Items from a dataset
━━━━━━━━━━━━━━━━

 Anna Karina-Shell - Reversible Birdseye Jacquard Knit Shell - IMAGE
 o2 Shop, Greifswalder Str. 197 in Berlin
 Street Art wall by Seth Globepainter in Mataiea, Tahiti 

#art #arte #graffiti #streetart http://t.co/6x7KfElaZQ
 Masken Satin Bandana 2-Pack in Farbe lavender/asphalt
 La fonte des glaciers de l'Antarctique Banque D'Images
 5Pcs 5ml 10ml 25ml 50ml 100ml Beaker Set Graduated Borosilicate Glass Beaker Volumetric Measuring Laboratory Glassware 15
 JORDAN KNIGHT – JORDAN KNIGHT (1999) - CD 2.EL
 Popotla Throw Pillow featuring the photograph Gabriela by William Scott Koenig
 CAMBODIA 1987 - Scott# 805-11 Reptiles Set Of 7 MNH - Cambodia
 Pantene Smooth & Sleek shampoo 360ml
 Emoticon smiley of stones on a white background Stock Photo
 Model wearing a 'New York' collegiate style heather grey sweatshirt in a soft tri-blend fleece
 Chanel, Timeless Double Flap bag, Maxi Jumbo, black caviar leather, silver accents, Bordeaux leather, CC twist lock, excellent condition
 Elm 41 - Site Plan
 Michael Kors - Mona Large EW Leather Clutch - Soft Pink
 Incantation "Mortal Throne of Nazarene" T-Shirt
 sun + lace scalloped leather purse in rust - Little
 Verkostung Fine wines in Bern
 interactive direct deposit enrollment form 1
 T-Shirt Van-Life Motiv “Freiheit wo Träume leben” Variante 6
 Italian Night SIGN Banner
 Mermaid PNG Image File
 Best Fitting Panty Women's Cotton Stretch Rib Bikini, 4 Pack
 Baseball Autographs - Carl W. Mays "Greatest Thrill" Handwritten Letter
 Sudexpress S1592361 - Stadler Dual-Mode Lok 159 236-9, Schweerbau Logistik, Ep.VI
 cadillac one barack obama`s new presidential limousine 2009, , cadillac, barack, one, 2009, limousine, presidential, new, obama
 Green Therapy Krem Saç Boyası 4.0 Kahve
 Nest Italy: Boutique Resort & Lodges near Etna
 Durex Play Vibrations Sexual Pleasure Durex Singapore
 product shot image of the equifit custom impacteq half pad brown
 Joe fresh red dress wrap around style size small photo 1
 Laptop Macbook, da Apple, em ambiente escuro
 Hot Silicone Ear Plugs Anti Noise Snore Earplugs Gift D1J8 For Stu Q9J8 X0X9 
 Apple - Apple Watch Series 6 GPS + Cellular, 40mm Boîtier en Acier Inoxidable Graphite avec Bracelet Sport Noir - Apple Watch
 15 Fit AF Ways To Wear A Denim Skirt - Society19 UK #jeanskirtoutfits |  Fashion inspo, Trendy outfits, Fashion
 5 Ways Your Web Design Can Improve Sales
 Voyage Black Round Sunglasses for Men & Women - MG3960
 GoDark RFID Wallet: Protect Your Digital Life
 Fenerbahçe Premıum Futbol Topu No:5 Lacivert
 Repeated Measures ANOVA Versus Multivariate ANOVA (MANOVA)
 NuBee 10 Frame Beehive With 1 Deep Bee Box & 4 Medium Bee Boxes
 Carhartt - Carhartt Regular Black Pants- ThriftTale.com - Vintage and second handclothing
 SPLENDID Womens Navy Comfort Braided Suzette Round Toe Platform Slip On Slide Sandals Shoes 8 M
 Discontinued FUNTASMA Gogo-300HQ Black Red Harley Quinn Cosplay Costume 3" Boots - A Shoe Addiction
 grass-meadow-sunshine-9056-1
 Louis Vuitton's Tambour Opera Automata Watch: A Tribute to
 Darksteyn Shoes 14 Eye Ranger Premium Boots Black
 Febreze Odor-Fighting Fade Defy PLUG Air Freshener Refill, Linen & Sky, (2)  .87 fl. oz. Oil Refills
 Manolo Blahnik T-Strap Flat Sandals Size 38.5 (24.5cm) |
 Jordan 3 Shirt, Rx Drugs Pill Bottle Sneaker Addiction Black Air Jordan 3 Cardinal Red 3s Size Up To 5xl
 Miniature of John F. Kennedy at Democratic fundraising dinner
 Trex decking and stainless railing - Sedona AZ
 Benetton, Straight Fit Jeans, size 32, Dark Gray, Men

━━━━━━━━━━━━━━━━

> PROBLEM TO WORK ON: Beginning at the line with "product shot image" and stopping after the line with "Apple - Apple", please write out every line of the data above exactly and nothing else.

> SOLUTION FOR THIS TASK:
 product shot image of the equifit custom impacteq half pad brown
 Joe fresh red dress wrap around style size small photo 1
 Laptop Macbook, da Apple, em ambiente escuro
 Hot Silicone Ear Plugs Anti Noise Snore Earplugs Gift D1J8 For Stu Q9J8 X0X9 
 Apple - Apple Watch Series 6 GPS + Cellular, 40mm Boîtier en Acier Inoxidable Graphite avec Bracelet Sport Noir - Apple Watch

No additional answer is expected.